• DATA:

--

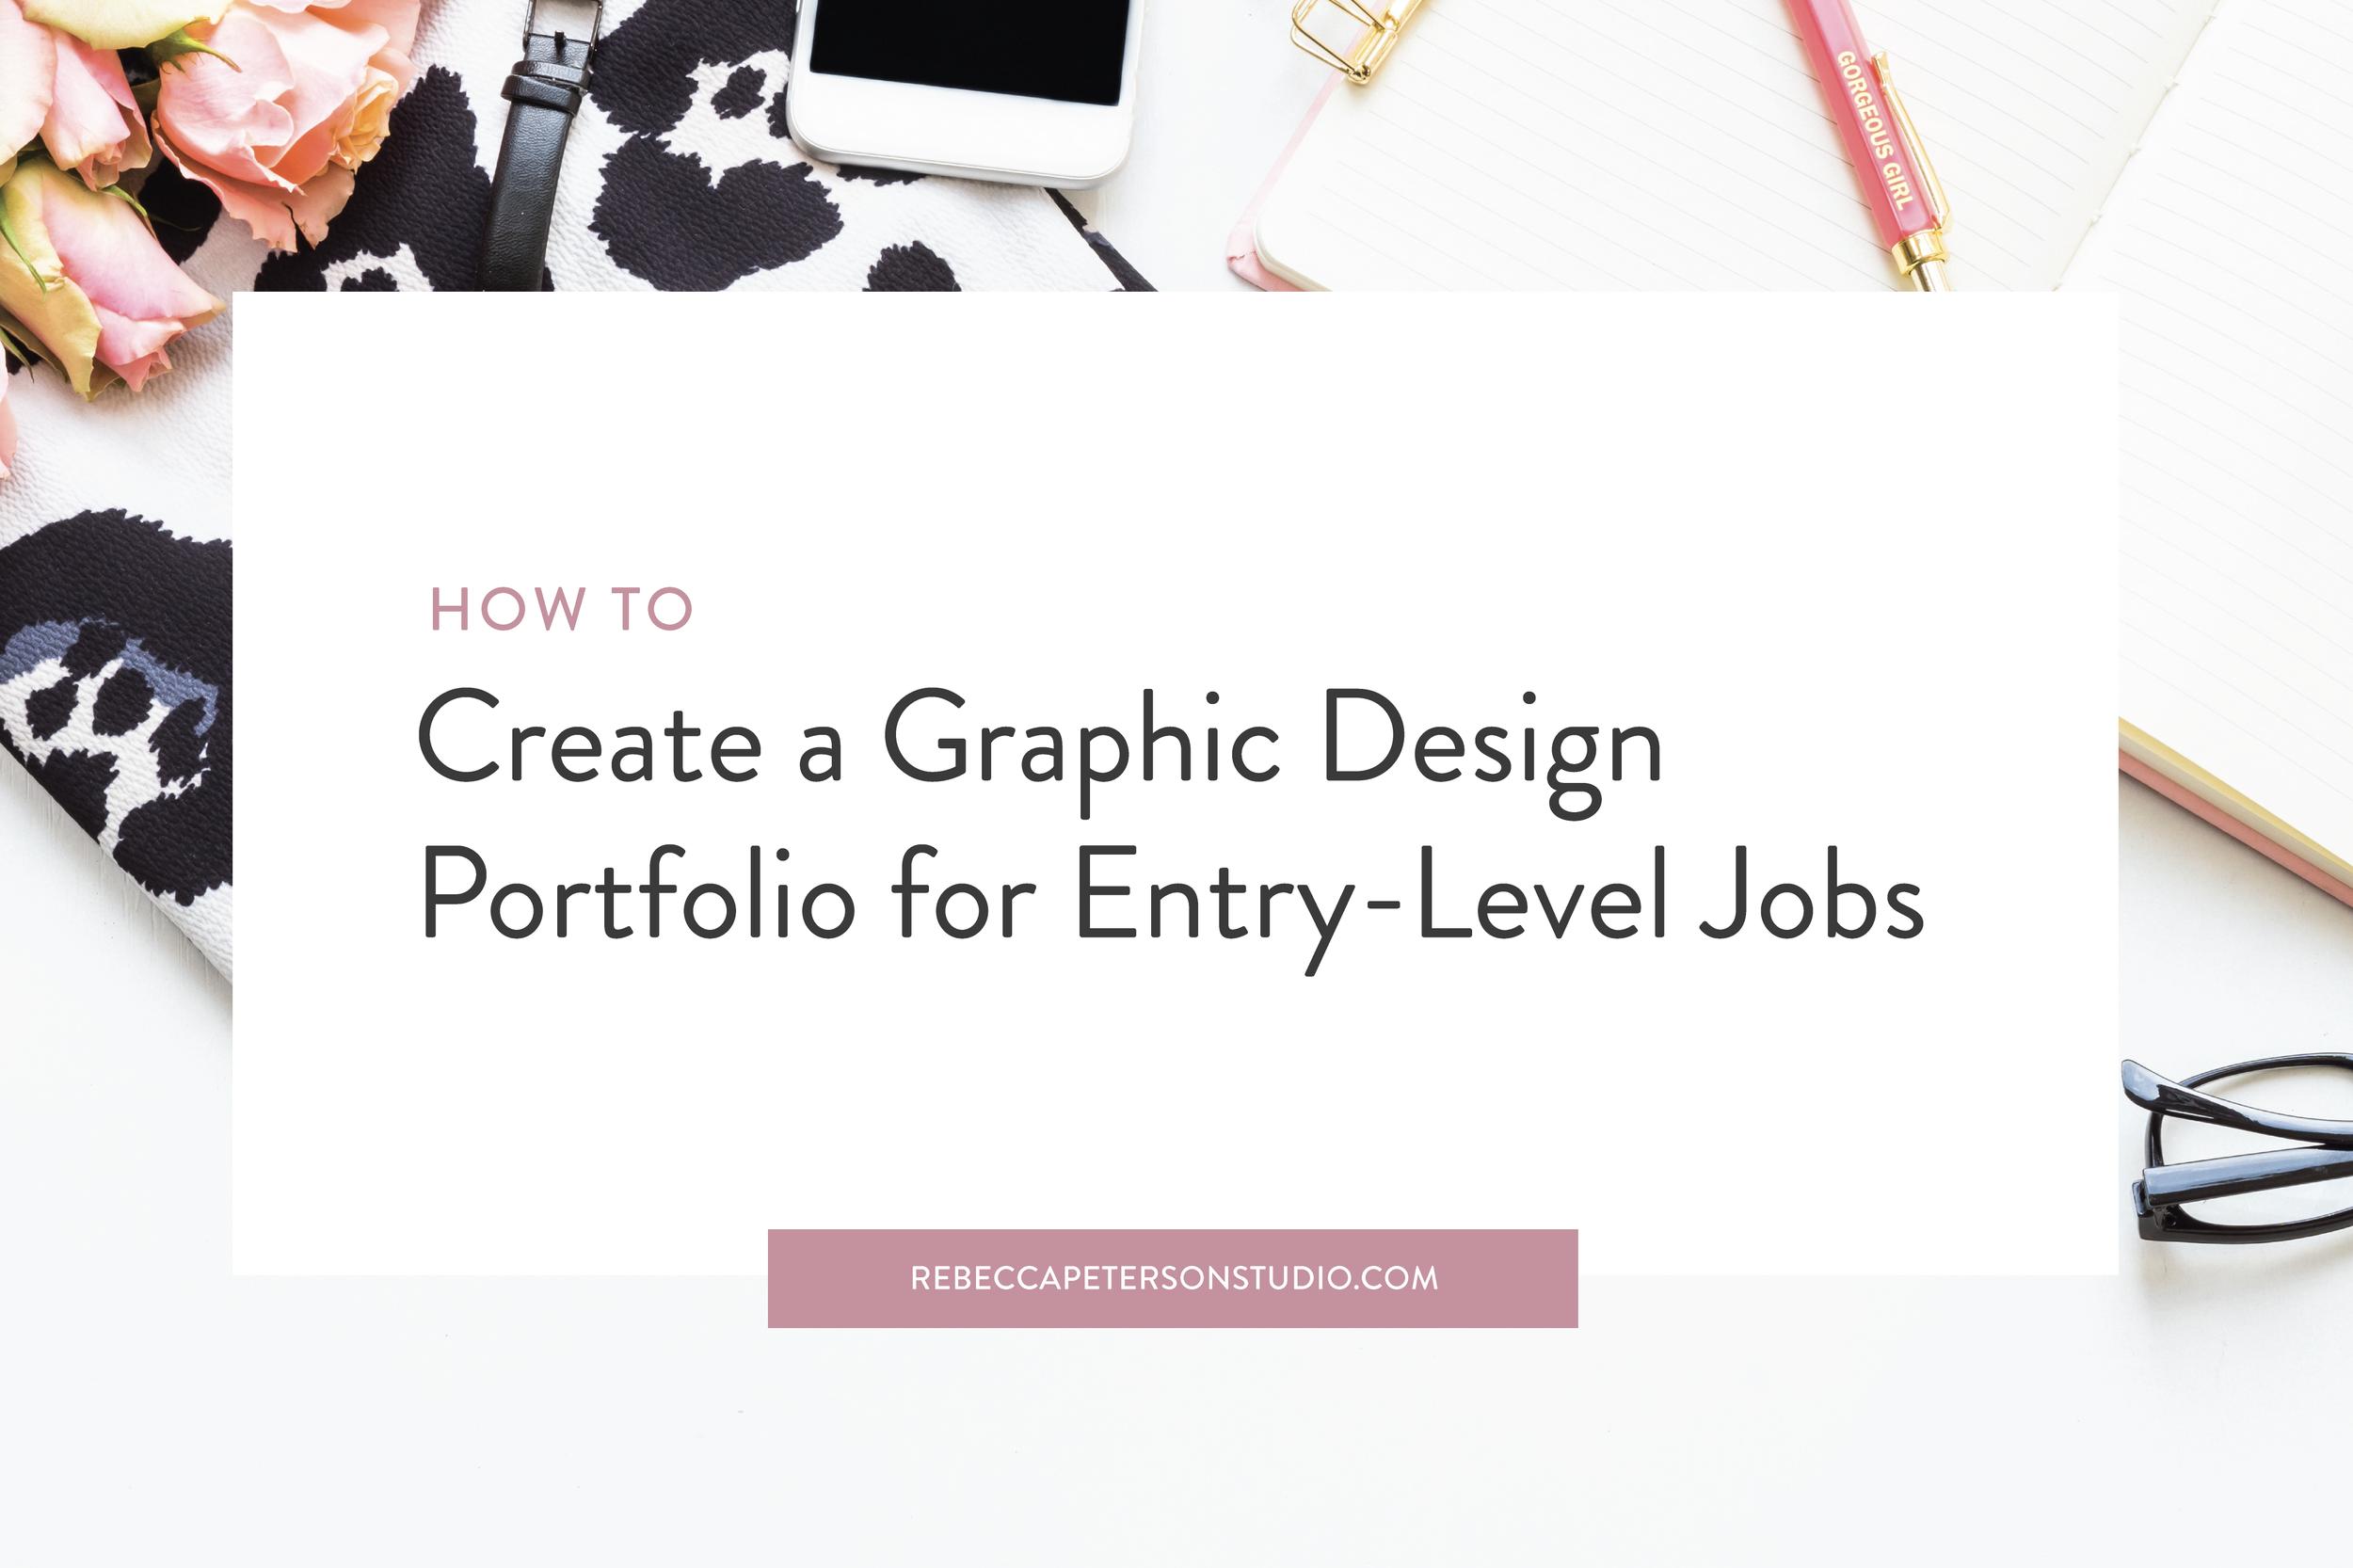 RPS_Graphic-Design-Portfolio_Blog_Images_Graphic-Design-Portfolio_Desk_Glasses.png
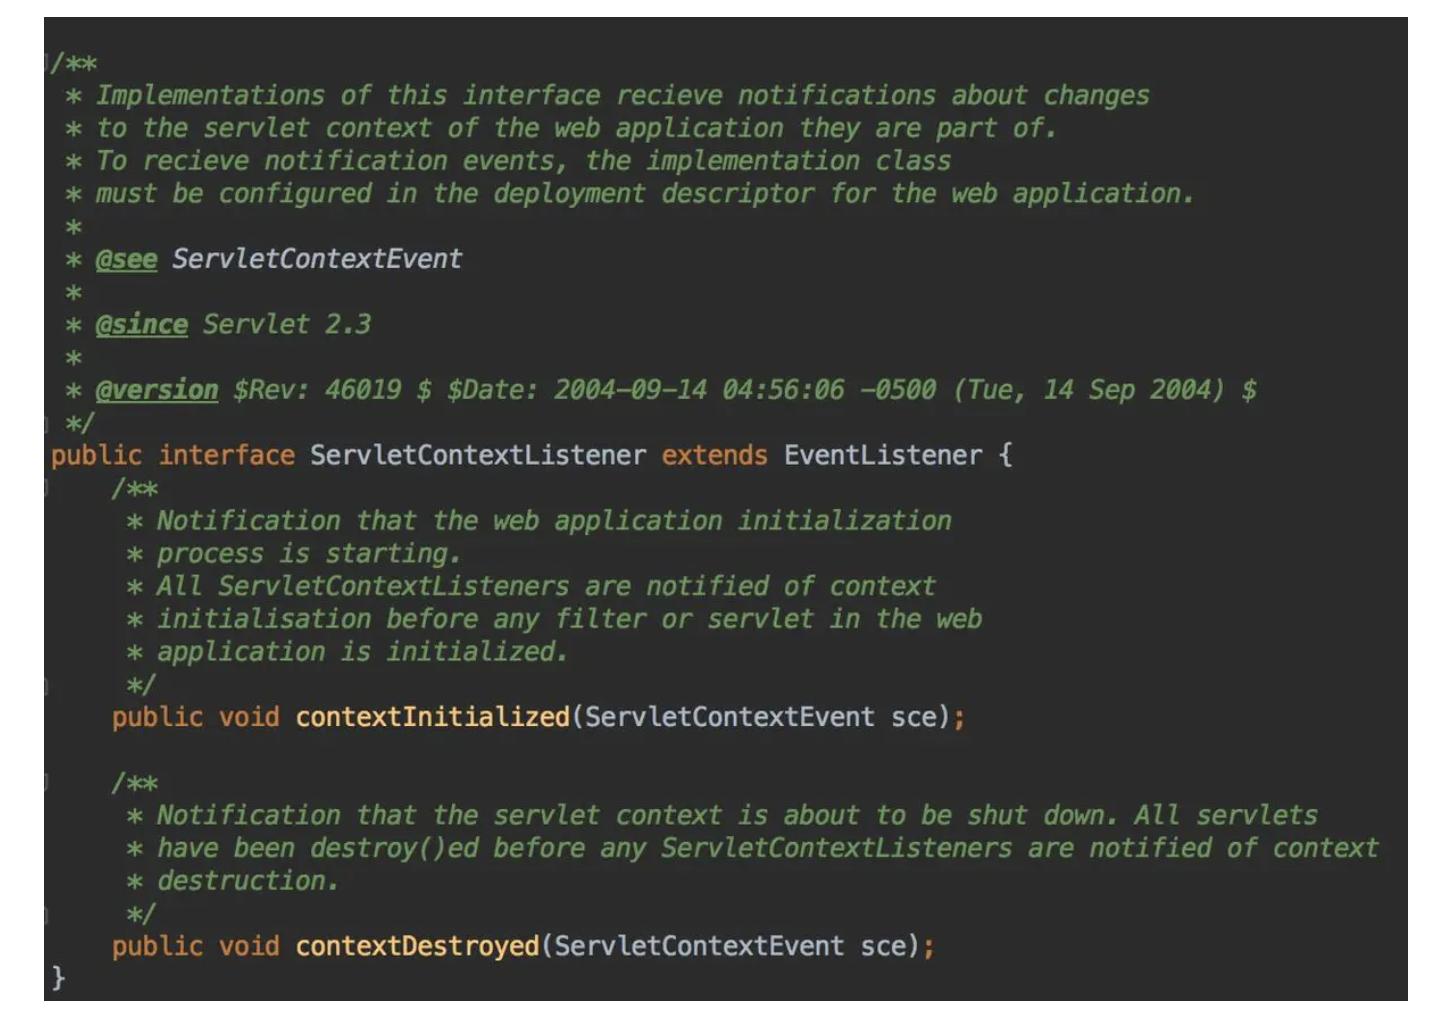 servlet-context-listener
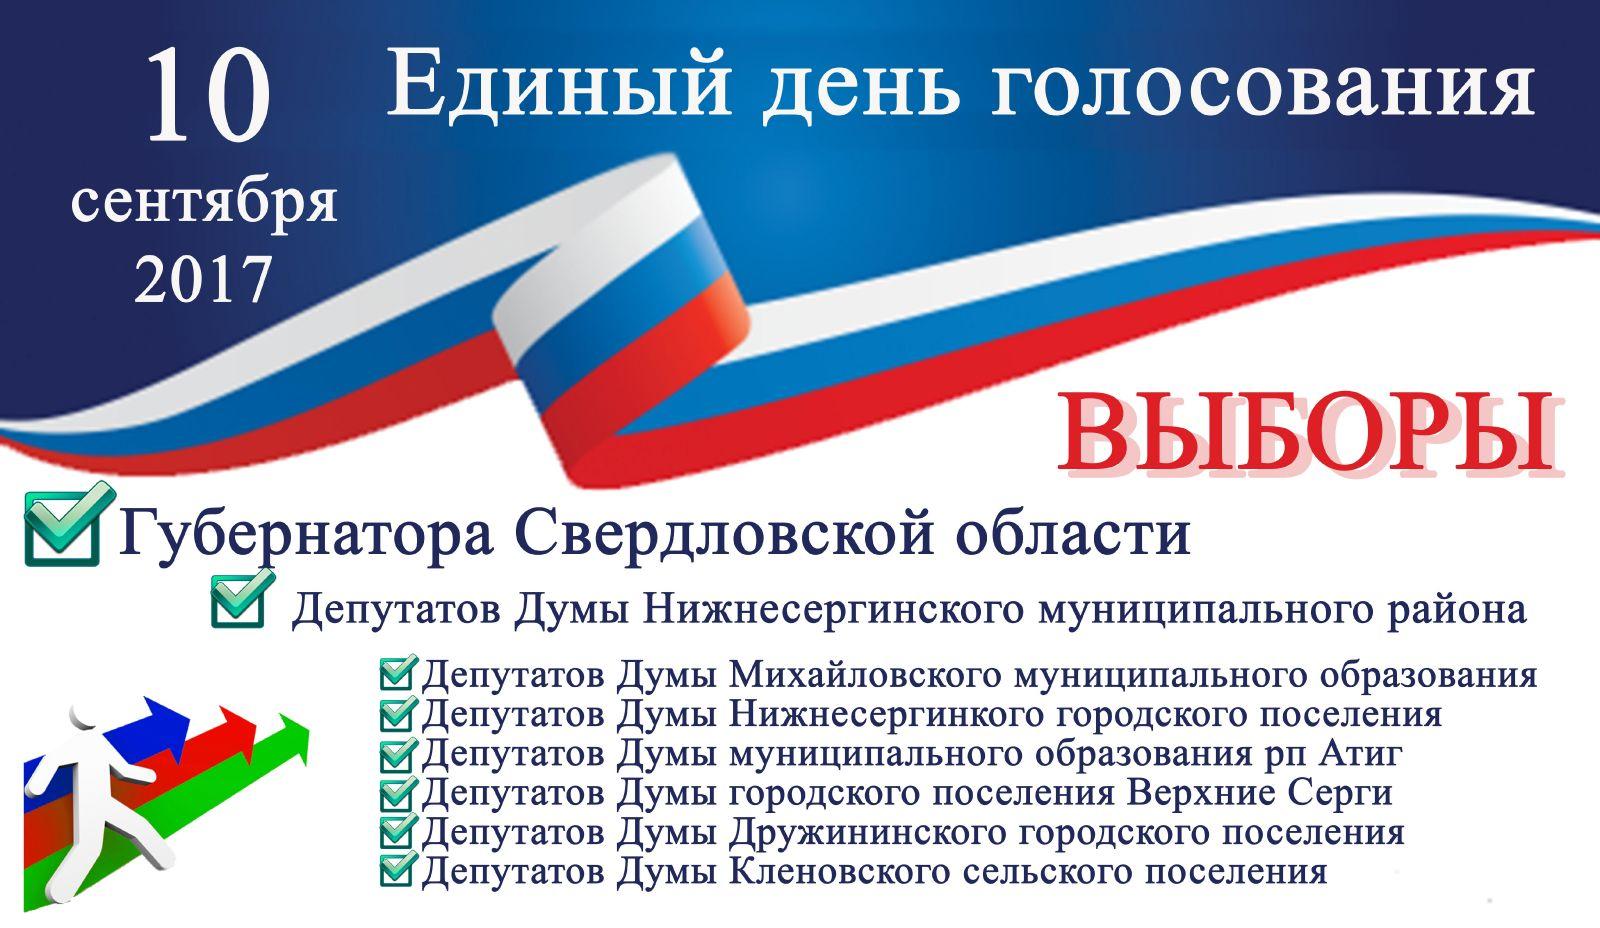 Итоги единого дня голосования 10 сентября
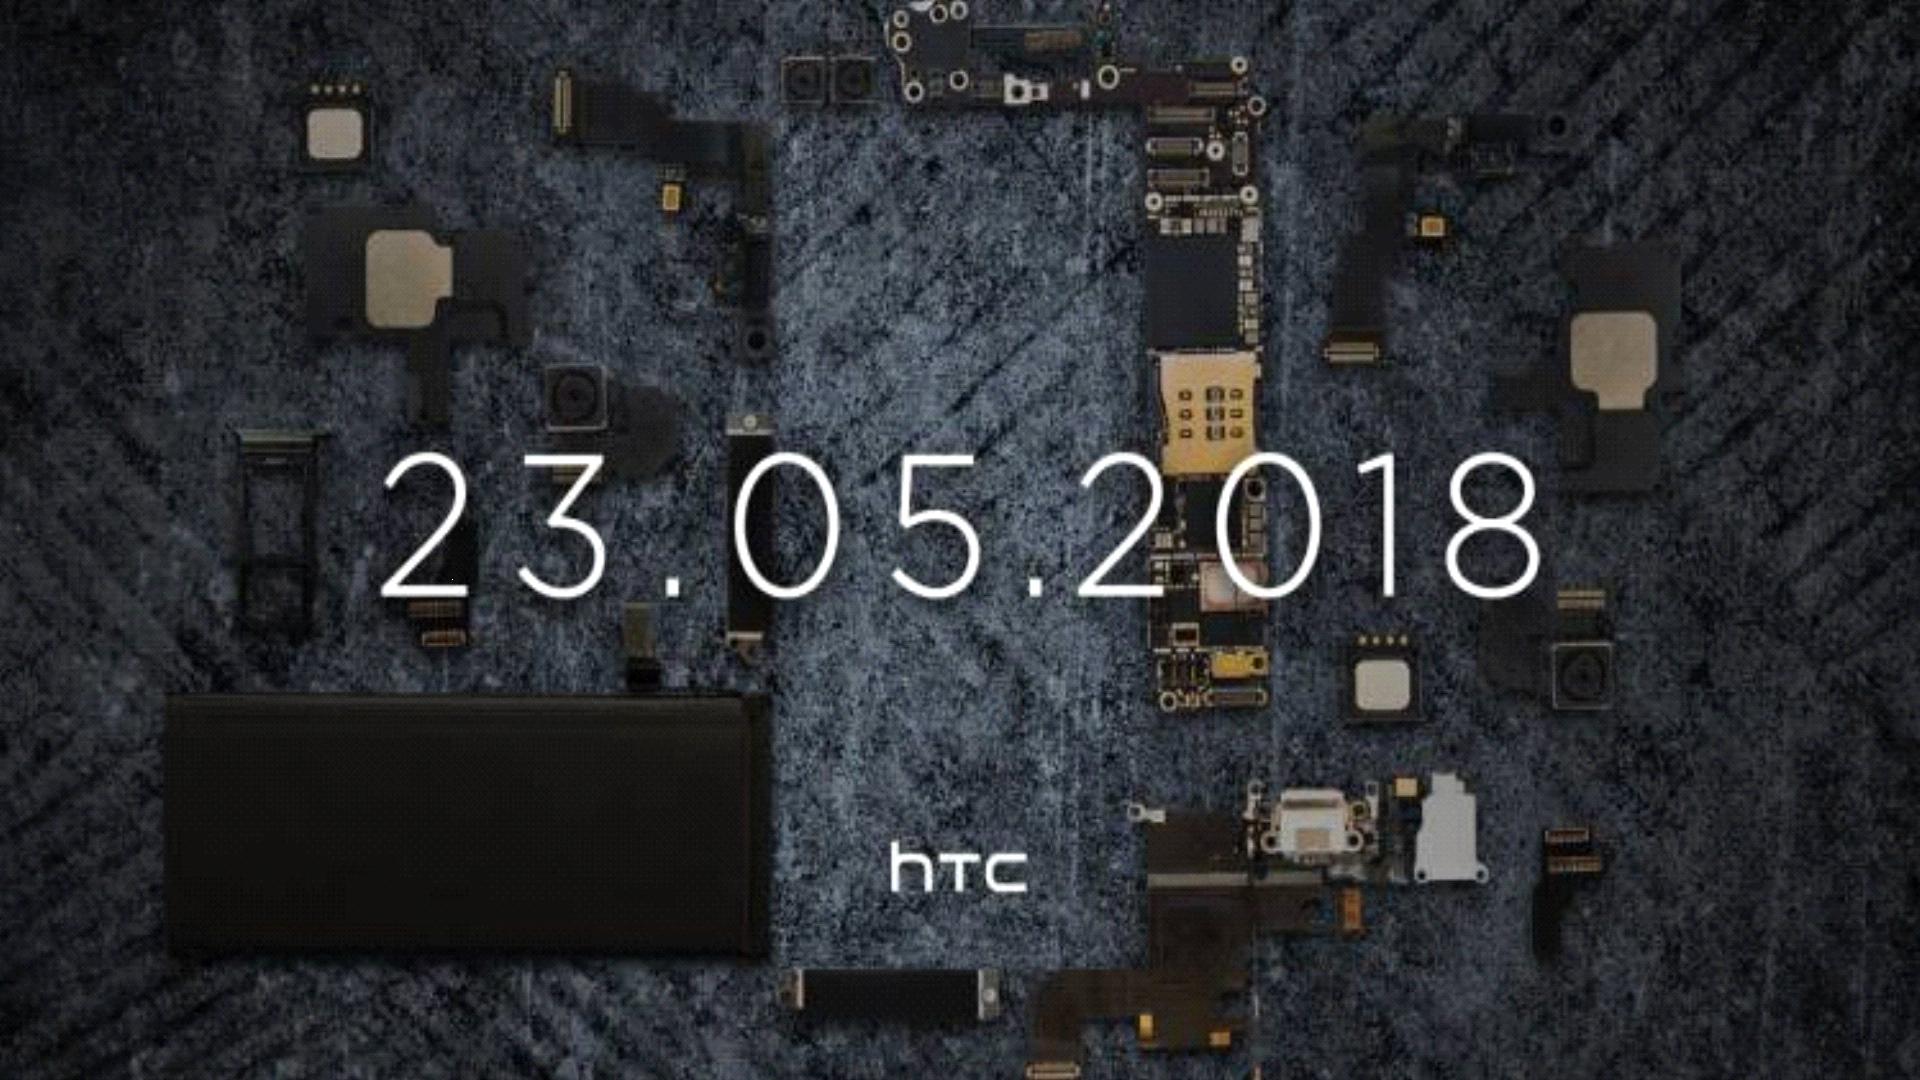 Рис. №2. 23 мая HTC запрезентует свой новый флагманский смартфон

--

• WORK ORDER: Quote the data above in full and without alteration; skip the pictures.

• RESULT:
 RPS_Graphic-Design-Portfolio_Blog_Images_Graphic-Design-Portfolio_Desk_Glasses.png
 servlet-context-listener
 Итоги единого дня голосования 10 сентября
 Рис. №2. 23 мая HTC запрезентует свой новый флагманский смартфон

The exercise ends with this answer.